# Mapping Census Data (Work in Progress)

By Kenneth Burchfiel

Released under the MIT License

This notebook will demonstrate how to create choropleth maps of data retrieved via this project's [Census Data Imports script](https://github.com/kburchfiel/pfn_2/blob/main/Census_Data_Imports/census_data_imports.ipynb).

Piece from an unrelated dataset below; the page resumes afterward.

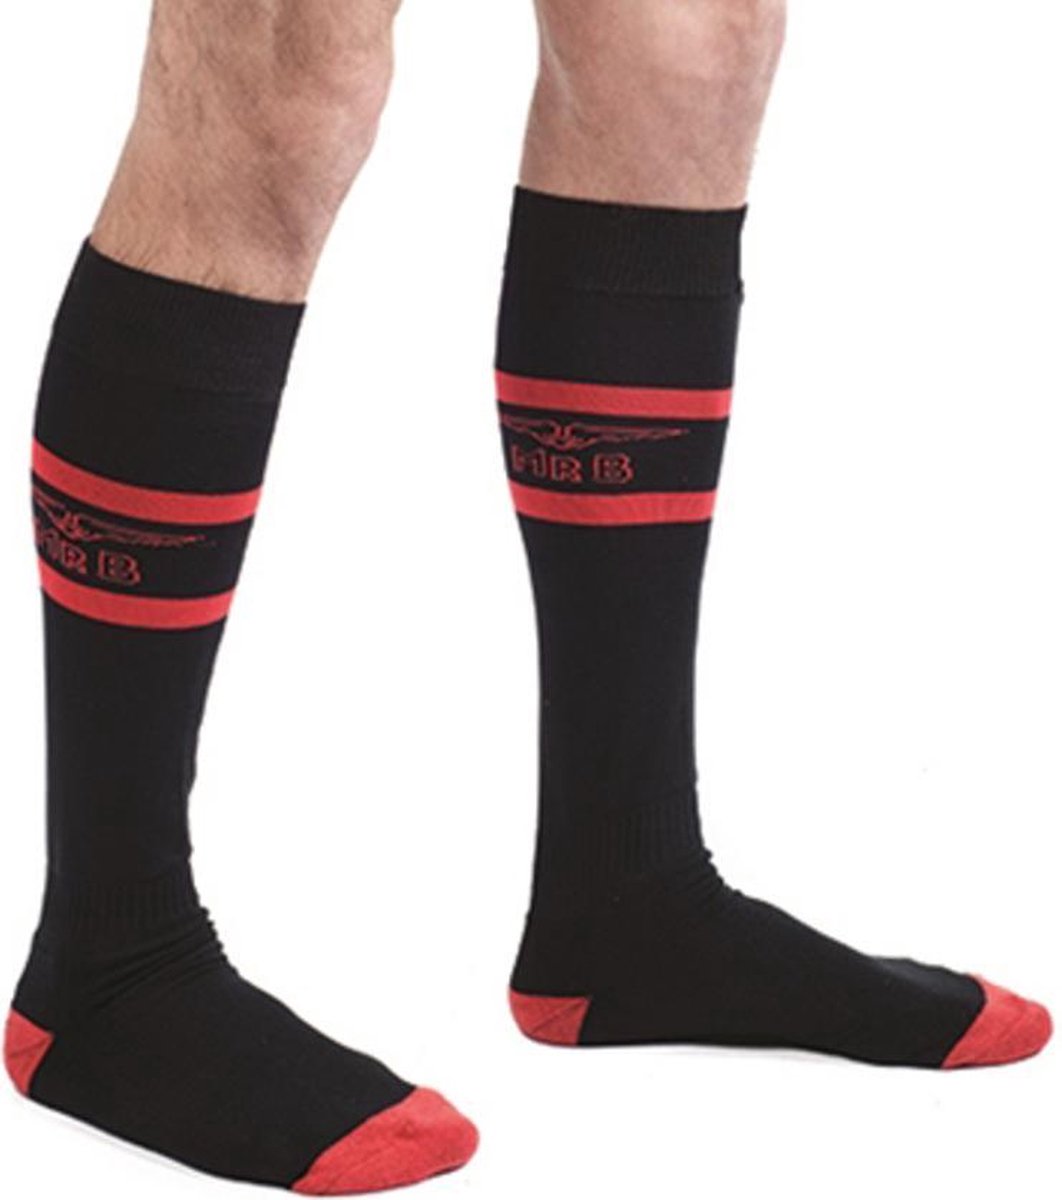 Mister b code red football socks 38-41

As a reminder, we retrieved Census data within that script in order to answer two separate questions:

1. Which counties would be the best destinations for NVCU grads who are looking to settle down and raise a family? *[This section of the Census Data Imports script hasn't yet been started, but I plan to begin working on it soon.]*

2. What correlation, if any, exists between marital status and poverty?

Although we performed some basic data analyses within the Census Data Imports script to answer those questions, the choropleth maps we'll create here will also serve as a useful tool.

**Note: For additional documentation on the code used within this script, consult [choropleth_maps.ipynb](https://github.com/kburchfiel/pfn_2/blob/main/Mapping/choropleth_maps.ipynb).**

Interactive copies of the maps created within this code can be viewed via the following links:

1. [Married household poverty rates by county](https://sites.google.com/view/pfn2-acs-choropleth-maps/married-couple-household-poverty-rate-source-2022-acs-5-year-estimates)

2. [% of Non-Married Households Below Poverty Levels by county](https://sites.google.com/view/pfn2-acs-choropleth-maps/non-married-household-poverty-rates-2022-acs-5-year-estimates)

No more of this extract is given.